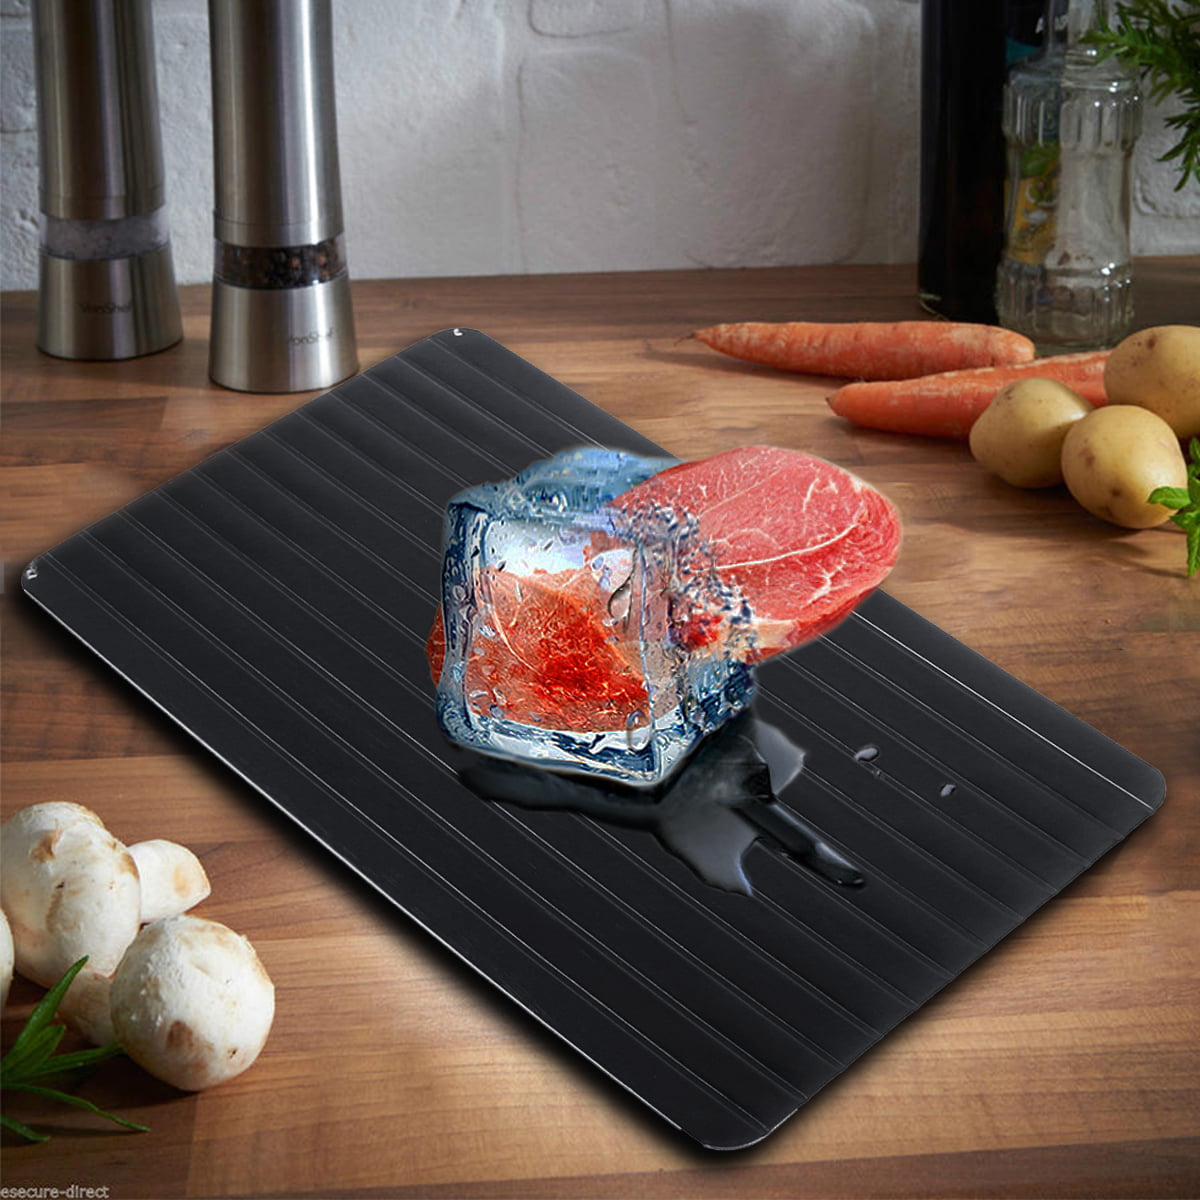 No Microwave,100% Natural-Non Stick & Dishwasher Safe No Electricity Required joyliveCY Quick Thaw Plate No Chemicals Aluminum Defrost Board Rapid Thawing Tray,Defrost Plate Thaws 
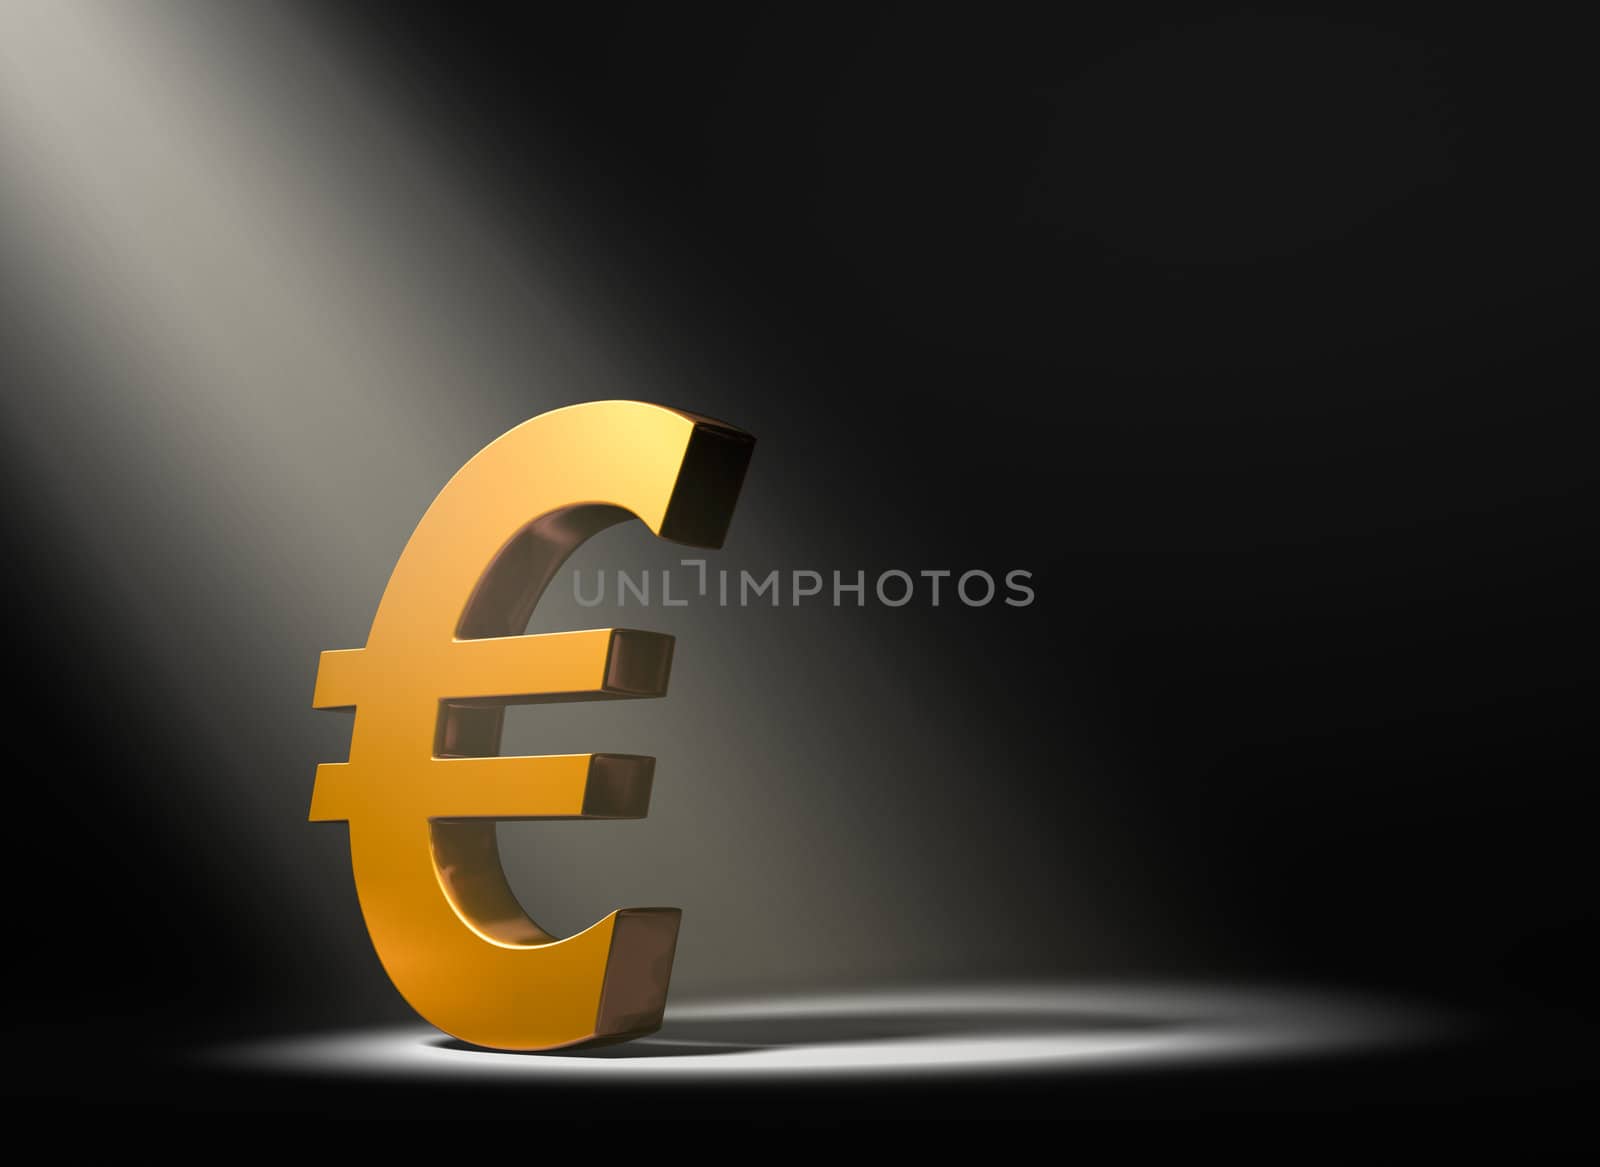 A gold Euro symbol on a black background and illuminated by a single, yellow spotlight.
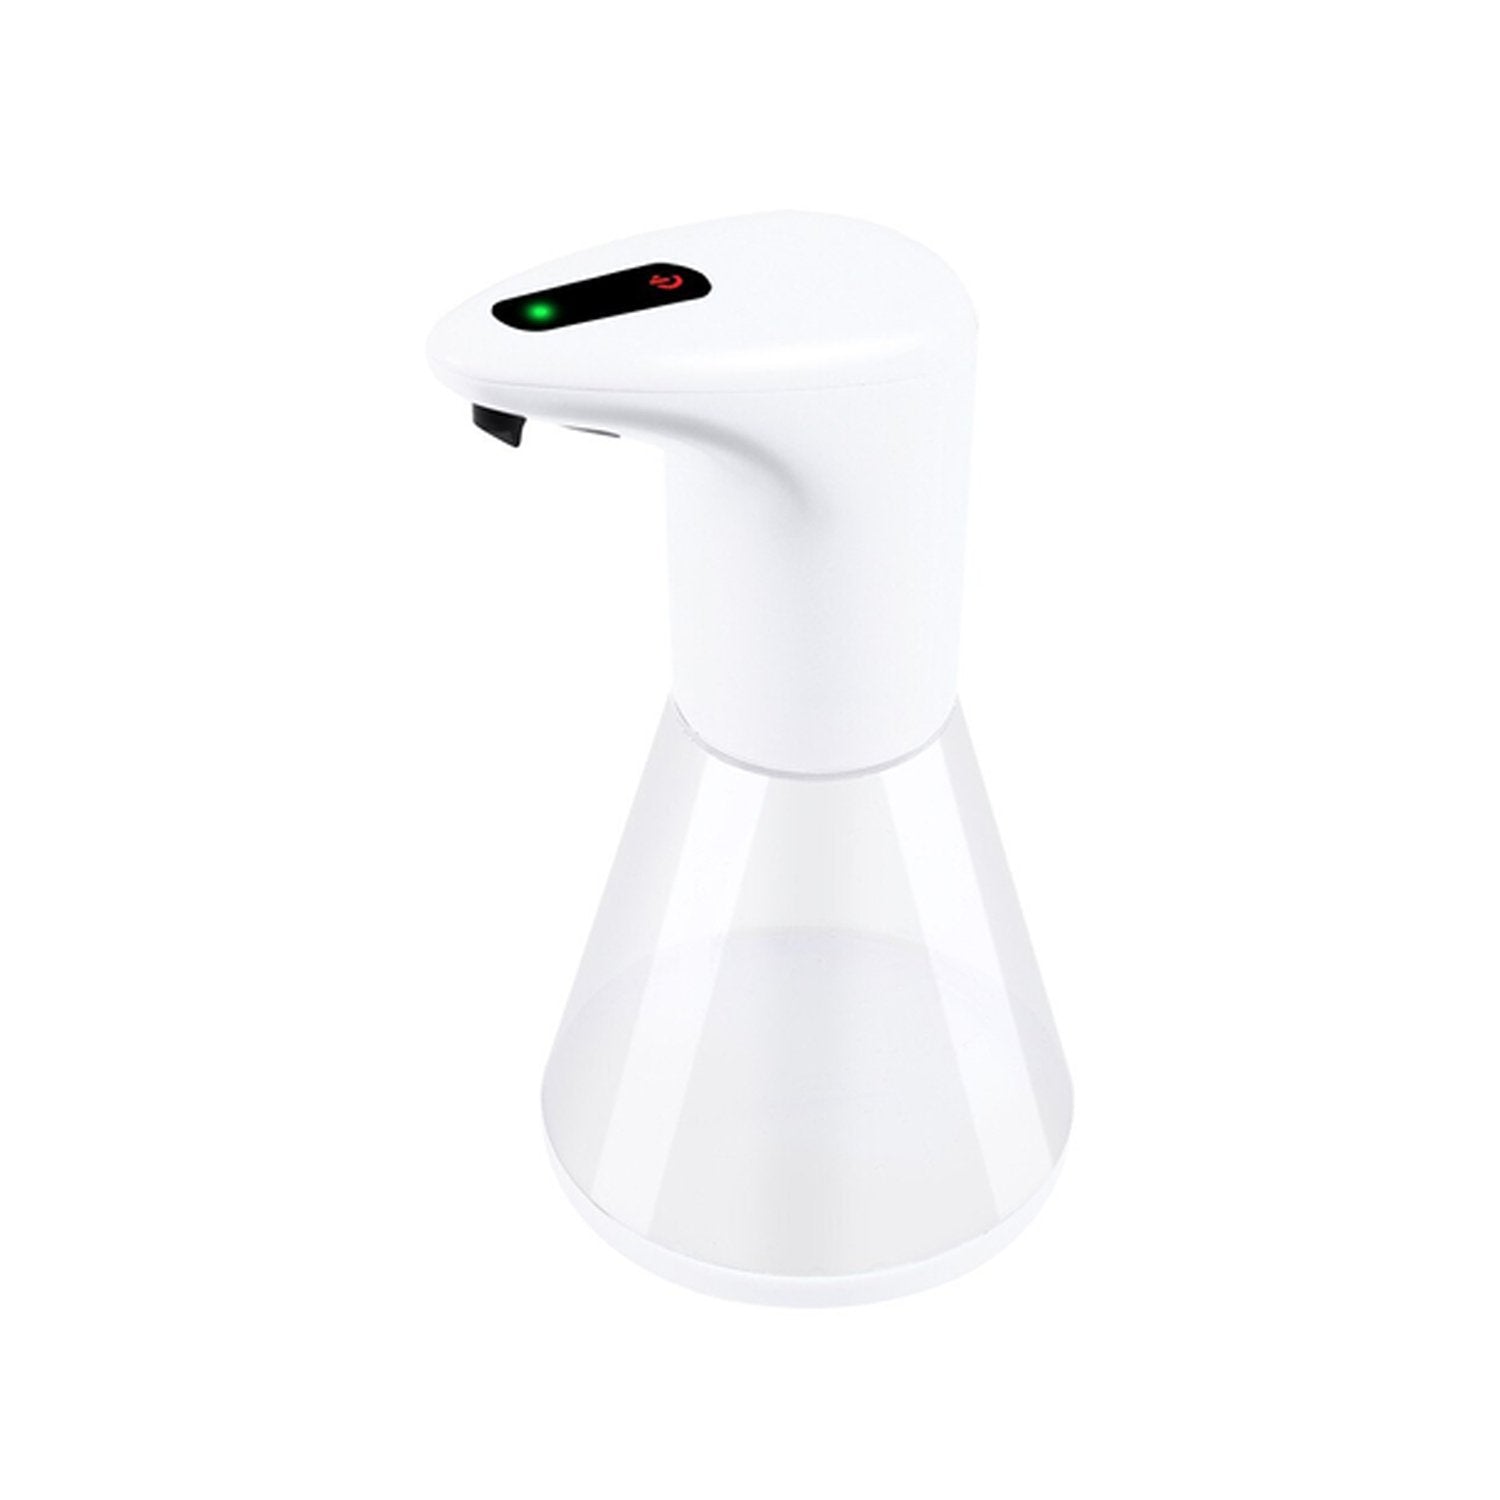 6024A Automatic Hands-Free Touch less Soap Dispenser with Auto Sensor (480ML)
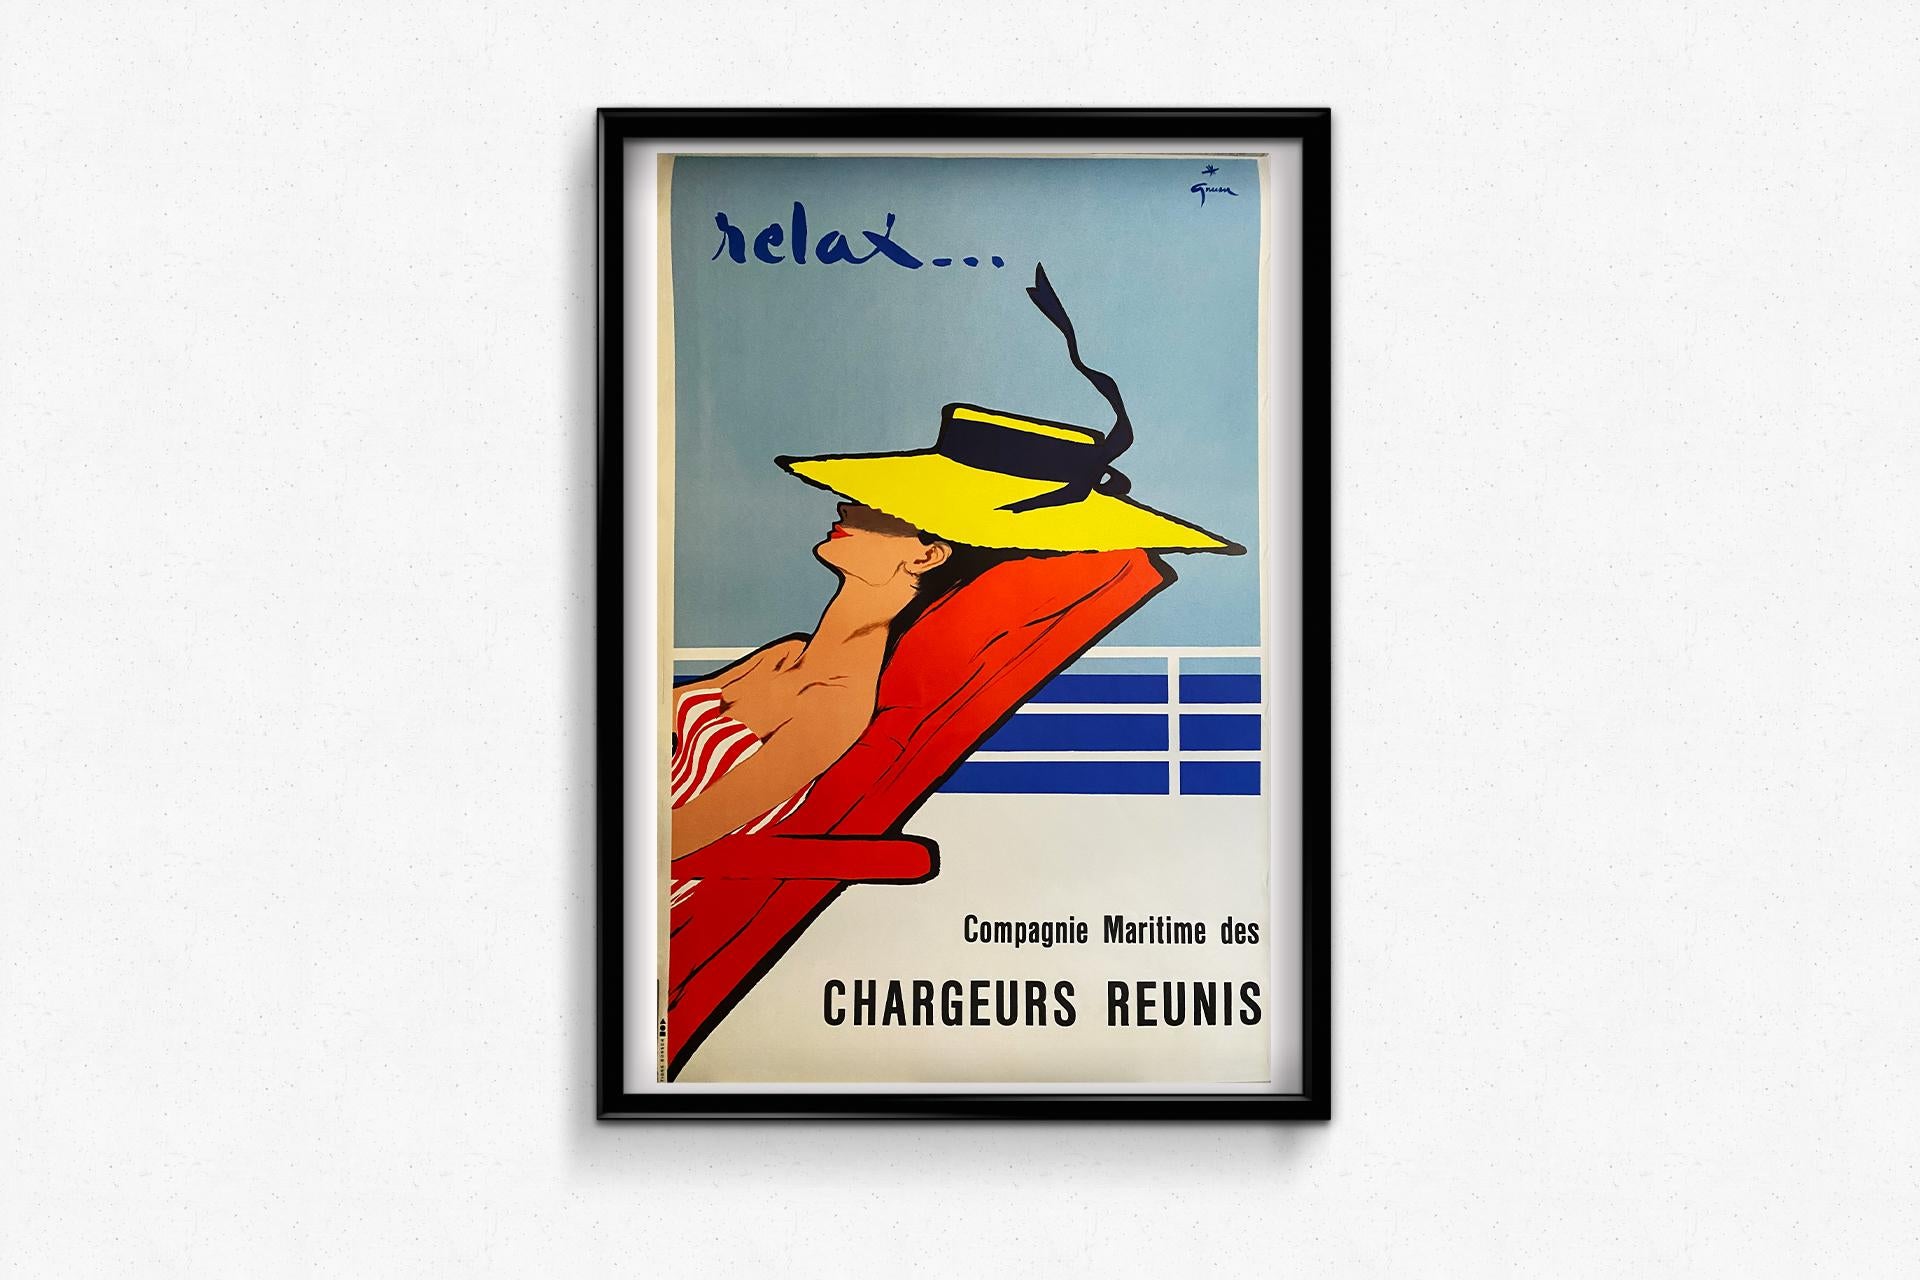 This original poster was made for Chargeurs Réunis, a major French shipping company based in Marseille.

René GRUAU 🇮🇹 (1909-2004) was a French-Italian illustrator, poster artist and painter renowned for his illustrations for fashion and

* * * * *

TASK BRIEF: Please take the lines from the beginning of the data above through the line holding "This original poster" and transcribe them exactly, without any pictures.

SOLUTION FOR THIS EXERCISE:
 No Microwave,100% Natural-Non Stick & Dishwasher Safe No Electricity Required joyliveCY Quick Thaw Plate No Chemicals Aluminum Defrost Board Rapid Thawing Tray,Defrost Plate Thaws 
 A gold Euro symbol on a black background and illuminated by a single, yellow spotlight.
 6024A Automatic Hands-Free Touch less Soap Dispenser with Auto Sensor (480ML)
 This original poster was made for Chargeurs Réunis, a major French shipping company based in Marseille.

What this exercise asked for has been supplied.